The Indian government, in fact, has sent Cambridge Analytica a notice to ask whether it had harvested the data of Indians while working here, to profile citizens, to influence voting behaviour.
There can be little doubt Facebook allowing Cambridge Analytica to get the data of 50 million people was illegal. But what if, instead, Facebook harvested the data itself to push, say, the kind of political targeted ads that Cambridge Analytica did? One ad for the rust-belt types who have lost their jobs, another for traditional Democrats, one for Hispanics, another for African-Americans …? Or, if the same was done in India for the BJP, one ad for hard-core Hindus, one for Muslim women who have benefitted from the party’s stance on triple talaq, another for those interested in economic growth, etc? Most would cry foul, arguing as they are in the Cambridge Analytica case, that their personal space has been violated, that their profiles and what they did on Facebook had been spied upon to figure out their personality type or political leanings so that specific ads could be targeted at them. The Indian government, in fact, has sent Cambridge Analytica a notice to ask whether it had harvested the data of Indians while working here, to profile citizens, to influence voting behaviour.
There are serious problems in that a Facebook or a Google or any other platform/service must clearly tell people what it plans to do with their data, and whether it will be passed on to third parties and for what—proper consent procedure has to be an integral part of India’s new privacy laws. A consent form that, for instance, will say that while a Google will not cross a line—to, say, reveal the bank account password I mailed my wife—it will scan my mail to see how to target advertisements/services to me better. That, in any case, is what the principle behind big data is—a computer will scan everyone’s information to glean trends but not isolate and highlight any individual’s data. The larger point, however, is that if people want a Facebook or a Gmail free, where did they think the money was coming from to maintain expensive servers, etc?
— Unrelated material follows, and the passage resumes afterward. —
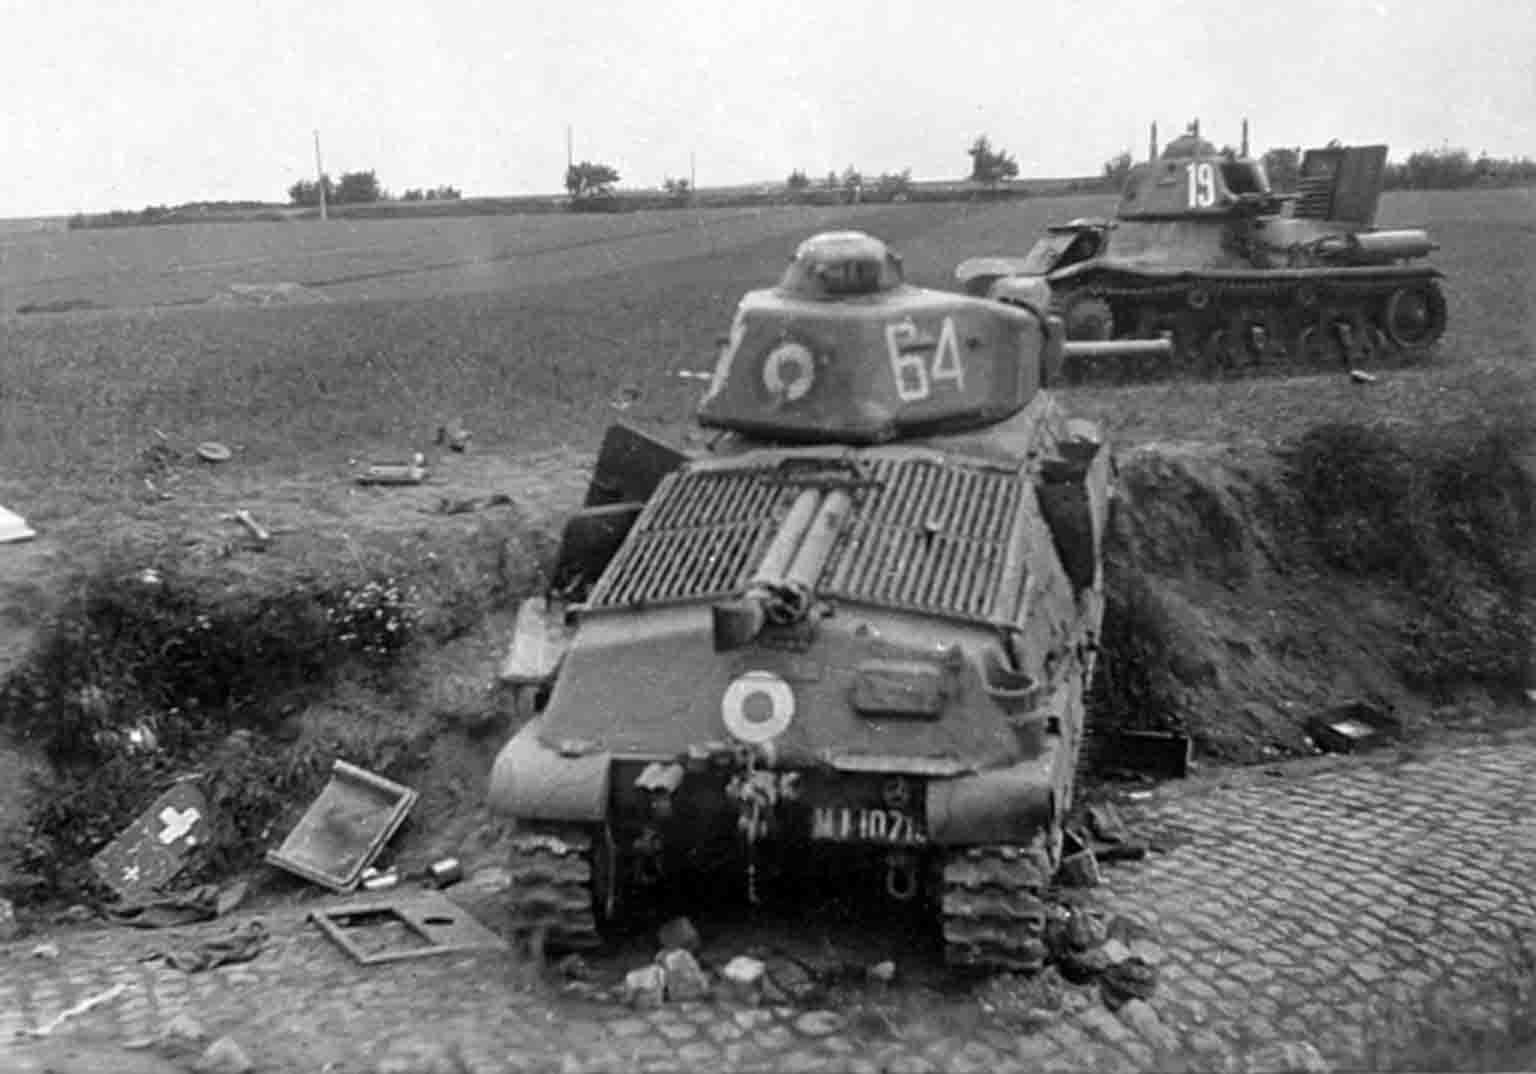 World War 2 - Hotchkiss H35, Somua S35

Or did they think Facebook and Google were giant charities? Why would a Google spend so much money on developing Gmail or maps and improving it all the time if this was not going to be monetised? Advertisements, you’d say, but there are no ads on Gmail, so clearly the monetisation would have to take place in another way.
In the past, on a Facebook, say, advertisers would be happy enough just putting an advertisement as they do in newspapers or television channels, but after a while advertisers wanted more than a general blitz—why put out an ad for an expensive Ferrrari to 100 million users when just a small fraction of them are going to buy it? That’s where targeted advertisement or the Cambridge Analytica kind of thing come in. By using artificial intelligence to understand what kind of person you are based on what you post, like, etc, Facebook’s business model depends on its ability to target messages better—there are serious issues like fake news, but that is a separate issue. In the case of a Google Maps, for instance, the fact that Google knows where you are helps it give you ads or recommendations based on that—and restaurants will pay Google more for that service.
There is, of course, an option to prevent any of this data gathering, and that’s the Apple model. Apple does not use your data for any commercial purposes and, to that extent, your email on iCloud is a lot more secure from prying; privacy, to the extent of turning down an FBI request to break into a terrorist’s phone, is part of Apple’s core philosophy. But, here’s the catch, Apple charges a lot for its phone and all its services—ever downloaded an iTunes song for free? Contrast this with the hundreds of apps we download every day for some service or the other. It is not surprising the app wants access to our phone records, etc, because we are not paying for the service. Allowing Facebook to charge you $100 a year, say, and promise not to use any of your data to profile you will take care of this problem—but chances are most will opt for the free service instead, and continue to complain about infringing upon privacy!
Where things get more complicated is the issues of dominance and abuse linked to the fact that Facebook/Google are able to collect data on individuals who use their free services. If a Google knows you are in a particular neighbourhood or what your likes and dislikes are, it is better placed to service you than another company without this data. Is this abuse and should competition authorities come down on it? Since competition is the only way to deal with dominance/abuse, perhaps competition authorities should work on models that allow for portability. An important part of any e-mail service is the e-mail history, in the case of a map, it is the history of the places you have been to in the past—so to make it easy for users to move to a new service provider, competition authorities need to ensure personal data can be ported in the manner a Google Takeout allows; even today, most browsers allow you to import bookmarks and history from others. Whether this is enough is not clear, and as the European fines on Google show, the issue will continue to occupy the minds of competition authorities for a long time to come.